58. Гудаури, Фигавам и Гавгав.




  Вдоволь напрыгавшись по буграм на стальной от льда вершине,  я загорал с вигвамками: Ленкой и Наташкой. К нам с помпой подъехал ратрак.

- Приходите ко мне вино пить, - спрыгнул на снег сказал, улыбаясь в черные усы, молодой грузин, - Я за вами заеду...

  Ленка потянула ножку и не поехала.

  Мы пили домашнее вино, ели шашлык, лаваш с аджикой и кинзой. Я много пью только с горя, а винчик меня почти совсем никогда не вставляет. Потом подвыпившие джигиты  захотели Наташку трахнуть хором,  но мне повезло отбить её малой кровью, сложив троих не очень умело топтавшихся горцев.

  Наташка сначала  плакала   от страха, потом тряслась от отходняка.

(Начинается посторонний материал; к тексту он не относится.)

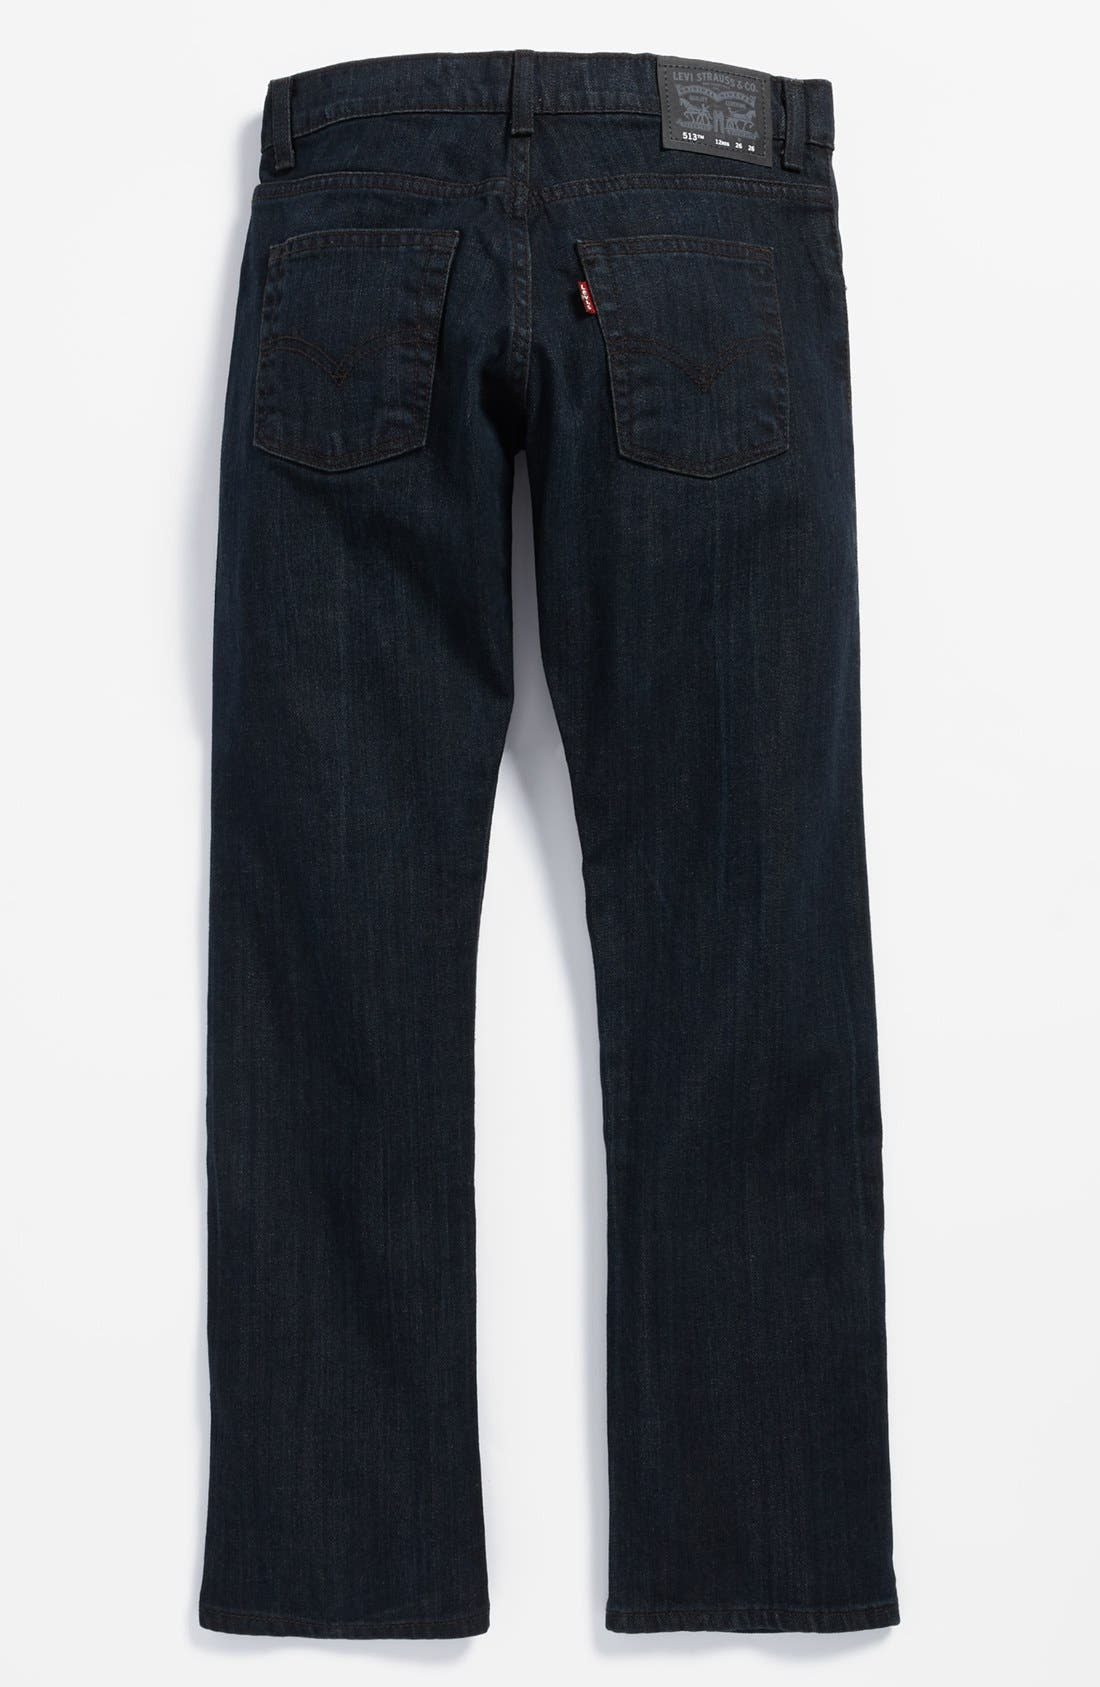 Alternate Image 1 Selected - Levi's® '513™' Slim Straight Leg Jeans (Big Boys)

- Ловко ты их. А как мы доберемся до «Поло»? - спросила она  дрожащими губами.

  Горцы смотрели на меня исподлобья. С месяц назад в соседних приютах зарезали трех москвичей.

- Вези, кацо, нас обратно, - сказал я и дружелюбно положил ему на плечо руку. У них еще стояло желание, и они были опечаленны таким исходом дела. Я был до этого в схожих ситуациях пару раз.  Один из них  не смог отличить крики радости от воплей ужаса, и женщина была очень расстоенна моим внезапным вмешательством. Короче, мы с Наташкой доехали без приключений. А у меня был роман с Ленкой.

- Настоящие грузины живут в Тбилиси, здесь живут тюрки, дикая смесь... Грузинов здесь нет, - говорили на следующий день  Наташкины новые знакомые, сами дети тбилиской грузинской научно-художественной элиты. Дико приятные парни. Приехали на выходные, остались на две недели. На вертолете мы добирались до целины и гоняли на  соседних нетронутых склонах,  затем поднимались к церкви Троицы... Потом за беседами и вином даже пропустили пару дней катания.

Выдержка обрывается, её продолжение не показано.